Induction of a transcriptional adaptation response by RNA destabilization events.

Transcriptional adaptation (TA) is a cellular process whereby mRNA-destabilizing mutations are associated with the transcriptional upregulation of so-called adapting genes. The nature of the TA-triggering factor(s) remains unclear, namely whether an mRNA-borne premature termination codon or the subsequent mRNA decay process, and/or its products, elicits TA. Here, working with mouse Actg1, we first establish two types of perturbations that lead to mRNA destabilization: Cas9-induced mutations predicted to lead to mutant mRNA decay, and Cas13d-mediated mRNA cleavage.
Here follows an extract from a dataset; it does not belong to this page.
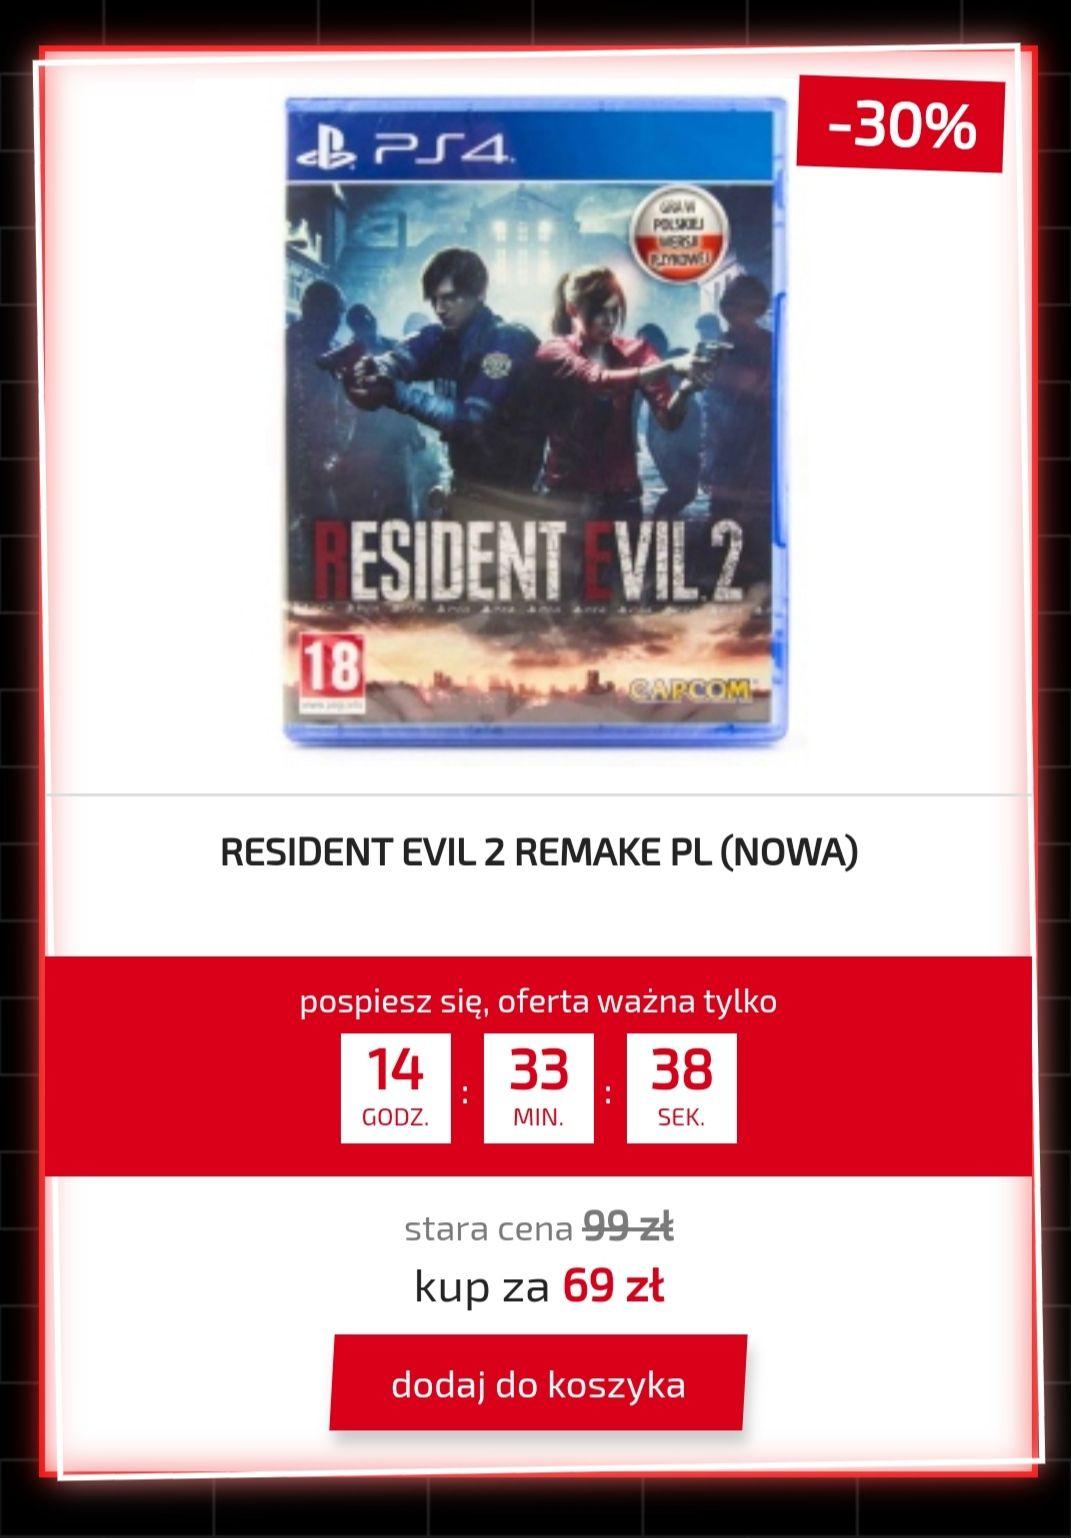 RESIDENT EVIL 2 REMAKE PL PS4 @Shopgamer.pl
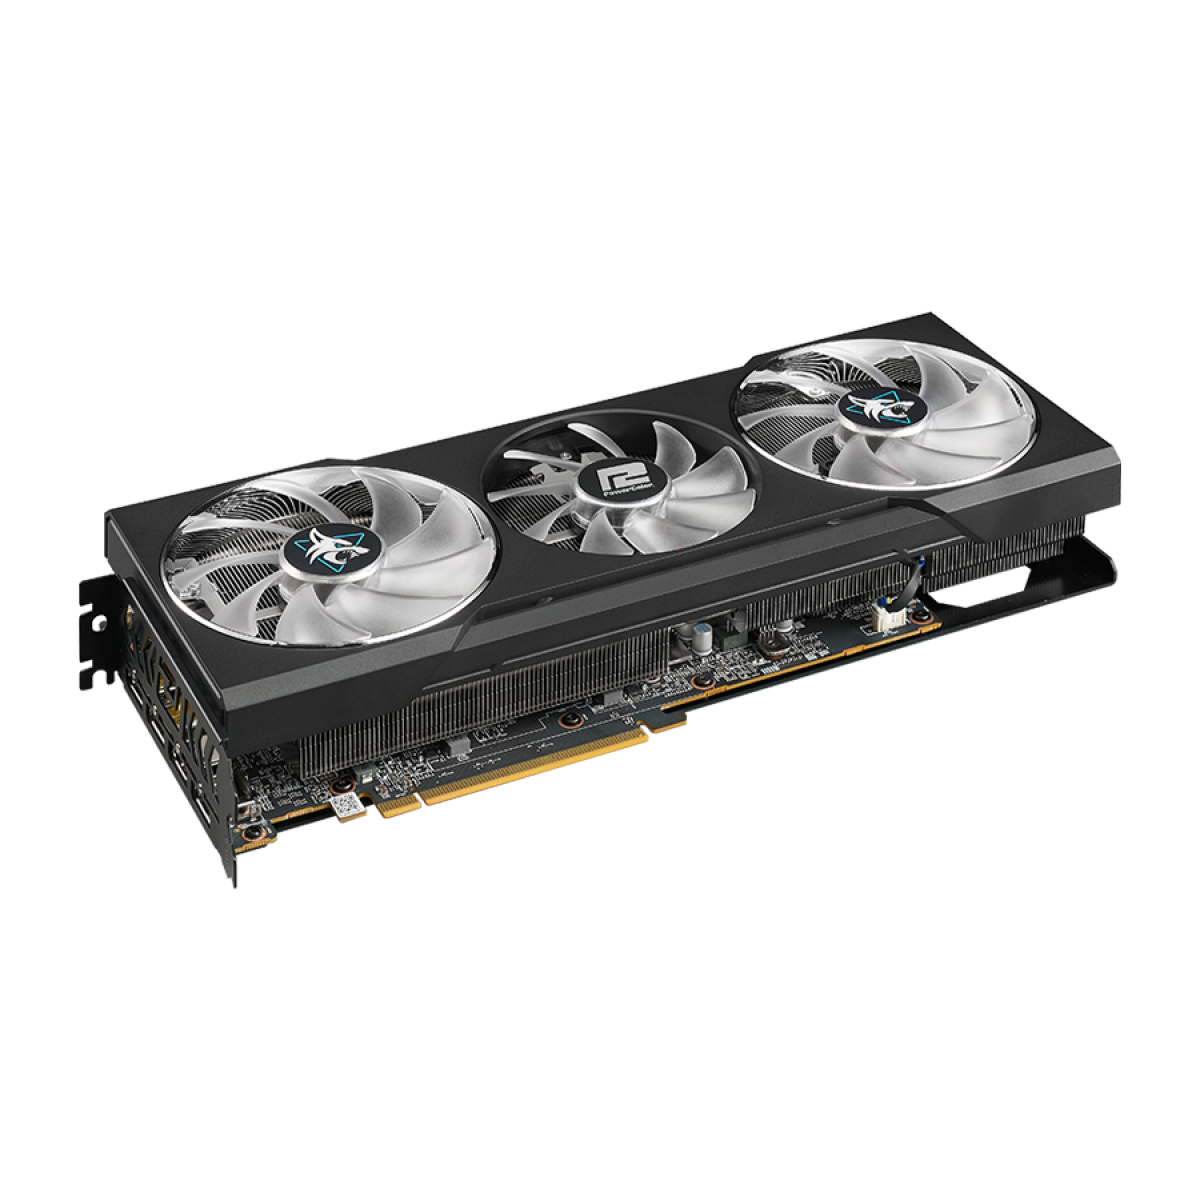 Placa de Vídeo PowerColor Hellhound Radeon RX 6700 XT, 12GB, GDDR6, 192bit, AXRX 6700XT 12GBD6-3DHL

We find that both types of perturbations are effective in degrading Actg1 mRNA, and that they both upregulate Actg2. Notably, increased chromatin accessibility at the Actg2 locus was observed only in the Cas9-induced mutant cells but not in the Cas13d-targeted cells, suggesting that chromatin remodeling is not required for Actg2 upregulation. We further show that ribozyme-mediated Actg1 pre-mRNA cleavage also leads to a robust upregulation of Actg2, and that this upregulation is again independent of chromatin remodeling. Together, these data highlight the critical role of RNA destabilization events as a trigger for TA, or at least a TA-like response.